Jacob seemed to sense my discomfort and he laid a heavy hand on my shoulder. "You okay?" he asked.

"Mostly," I said. My mother introduced Carlisle and Esme to Allirea, who was starting to look very uncomfortable with all the attention she'd been forbidden to shed, but she spoke to them politely enough, and then asked me to explain to everyone the situation with Demetri so she wouldn't have to say it aloud again. I obliged. Esme promptly decided that Allirea needed a hug, which Allirea tolerated with surprising grace, although she didn't return it.

"If you can remain in sight, so to speak," Carlisle assured her, "we should be able to protect you if he arrives here."

"Actually," I said, "it would be really convenient if Demetri disappeared sooner rather than later. He doesn't stay in touch with Volterra while he's... looking for... Allirea, and he left less than a week ago and is often gone for two or three weeks at a time. That, and he always spends the entire trip blocked out for Alice because every move he makes is under her shadow. They won't have any way of figuring out that he's dead unless they try having Dwi contact him, and Dwi is a purely voluntary telepath - getting no answer could be interpreted as Demetri just not wanting to be interrupted. Or just not liking telepathic communication - that's why the Denalis were talking to the Volturi by e-mail instead of via Addy borrowing Dwi. There would be a long delay before anyone in Italy knew what had happened if Demetri showed up right here and... and got killed."

"Can others initiate conversations with Dwi?" Allirea asked. "That was never clear to me."

"No, he has to be listening for a message from a specific person first, they can't just get his attention," I said.

"How good a fighter is Demetri?" Esme said anxiously.

"Good," I said. "But not exceptional. He's practiced but not especially talented. Siobhan could take him out easy. Liam could do it. Kate could too.
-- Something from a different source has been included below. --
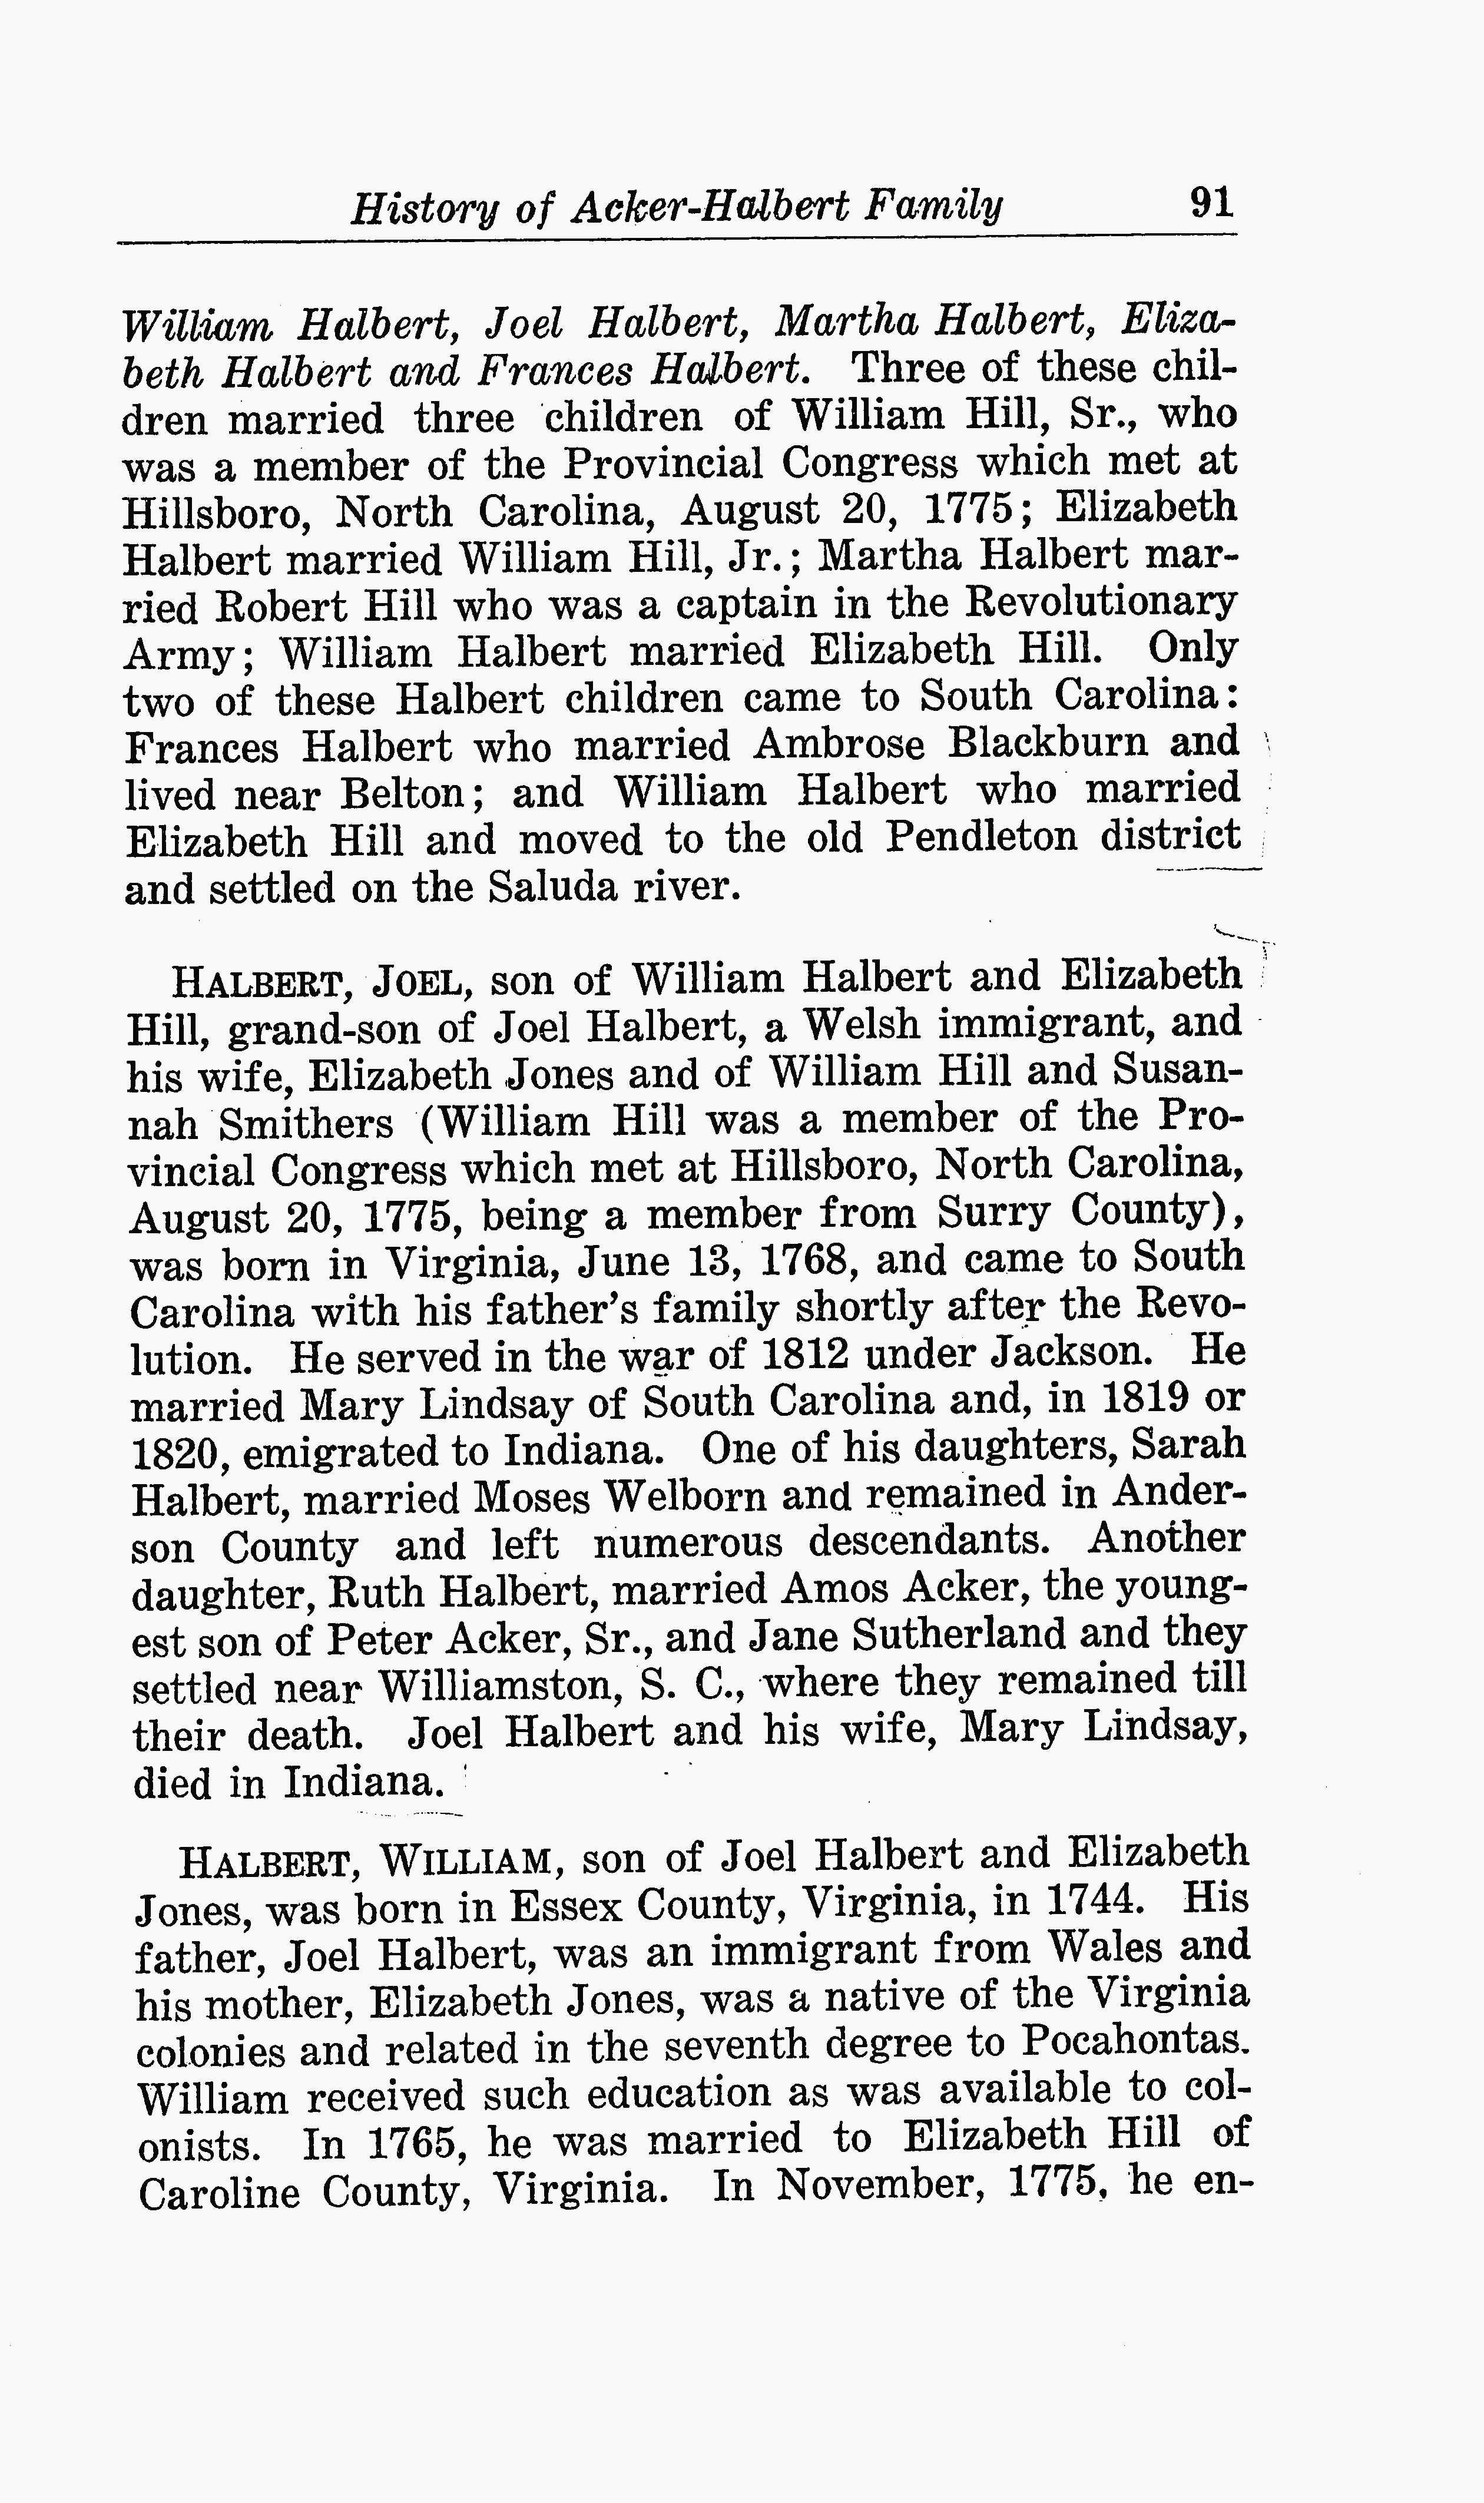 History of the Acker-Halbert family

You and Grandpa and Mama together, maybe, but I'm not sure, and at least one of you would probably be hurt." I left Jake out because I didn't want him dying of a stray vampire bite. All the wolves' advantage was tied up in coordinating with each other so well that vampires had no time to bite anyone, but Jake was alone.

"I require a rest," Allirea murmured, and she ducked around to the other side of the mountain.

"Unfade before yelling if you need help, or anything," my mother said loudly, "so people besides me can notice it."

"Who are you talking to?" I asked her.

"Never mind, Elspeth," she sighed, "it doesn't matter," which seemed true enough, and then she hugged me. She gave Jake an appraising look, as though about to consider thanking him for looking after me the way Esme had the day before. Eventually she said, "I'm glad Elspeth has had someone to rely on through all this." Jake dipped his head politely, but she kept looking at him in a vaguely frustrated way that seemed familiar somehow, although I'd never seen it myself. I pinpointed the look after a moment's thought: this was the look she gave somebody when she wanted my father to read their mind and alert her if anything untoward was going on. They hadn't worked out an actual code around this, but he'd figured it out over time and never been steered wrong by interpreting it that way. I wasn't sure why she was making that face without him present. Maybe realizing he was alive was reactivating old habits.

Jake has been absolutely wonderful to me at all times and there is nothing creepy going on between us at all, I reassured her. Her face relaxed and she turned back to Esme and Carlisle. She insisted on being caught up on what she'd missed in the last five years that I hadn't been able to impart to her when she picked me up.

Carlisle was halfway through an anecdote about Rosalie's ultimately doomed attempt at opening an auto body shop of her own when all three vampires suddenly stood at attention, hearing something I couldn't.

And then, as I abruptly remembered Allirea again, something I could:

A helpless, enraged, desperate shriek that I remembered hearing from the inside a dozen times.